Cluster Computing and the Grid, IEEE International Symposium on (2007)
Rio De Janeiro, Brazil
May 14, 2007 to May 17, 2007
Michael Klemm , University of Erlangen-Nuremberg
Matthias Bezold , University of Erlangen-Nuremberg
Stefan Gabriel , University of Erlangen-Nuremberg
Ronald Veldema , University of Erlangen-Nuremberg
Michael Philippsen , University of Erlangen-Nuremberg
Typical computational grid users target only a single cluster and have to estimate the runtime of their jobs. Job schedulers prefer short-running jobs to maintain a high system utilization. If the user underestimates the runtime, premature termination causes computation loss; overestimation is penalized by long queue times. As a solution, we present an automatic reparallelization and migration of OpenMP applications. A reparallelization is dynamically computed for an OpenMP work distribution when the number of CPUs changes. The application can be migrated between clusters when an allocated time slice is exceeded. Migration is based on a coordinated, heterogeneous checkpointing algorithm. Both reparallelization and migration enable the user to freely use computing time at more than a single point of the grid.
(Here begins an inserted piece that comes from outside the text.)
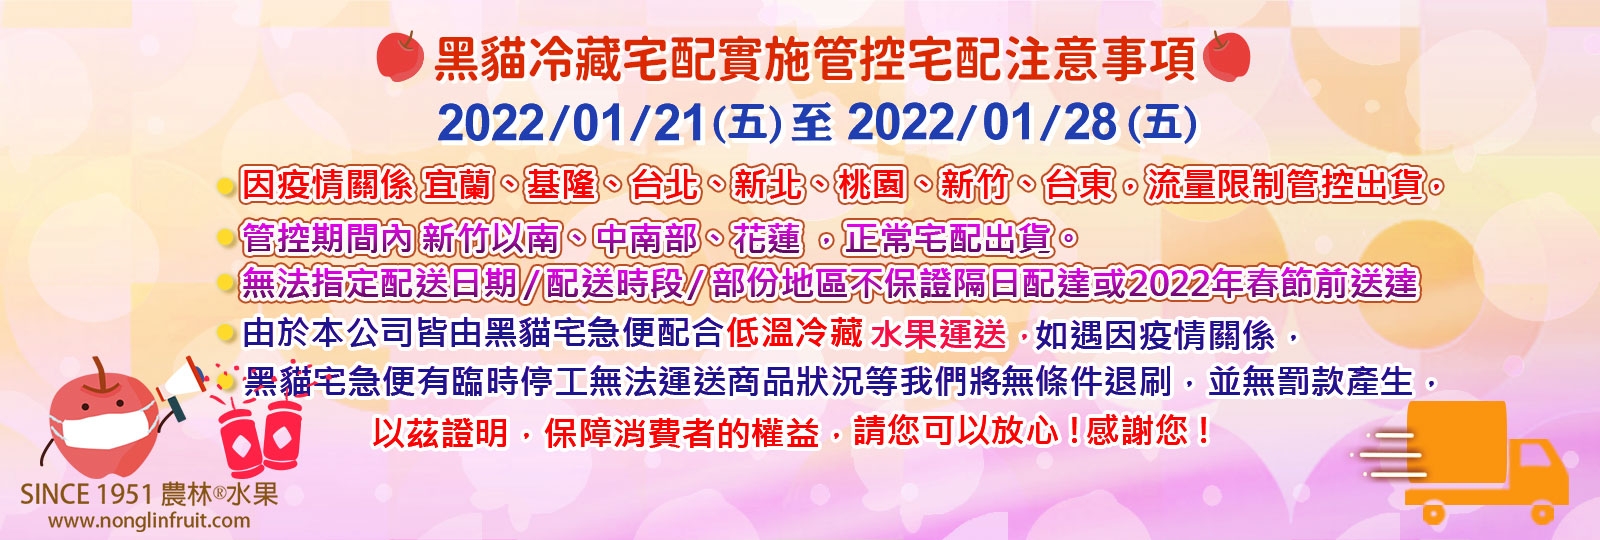 2022-春節期間-黑貓宅配調整-2022-01-23-0710

Our demo applications successfully adapt to the changed CPU setting and smoothly migrate between, for example, clusters in Erlangen, Germany, and Amsterdam, the Netherlands, that use different processors. Benchmarks show that reparallelization and migration impose average overheads of about 4% and 2%.
M. Bezold, S. Gabriel, R. Veldema, M. Klemm and M. Philippsen, "Reparallelization and Migration of OpenMP Programs," Cluster Computing and the Grid, IEEE International Symposium on(CCGRID), Rio De Janeiro, Brazil, 2007, pp. 529-540.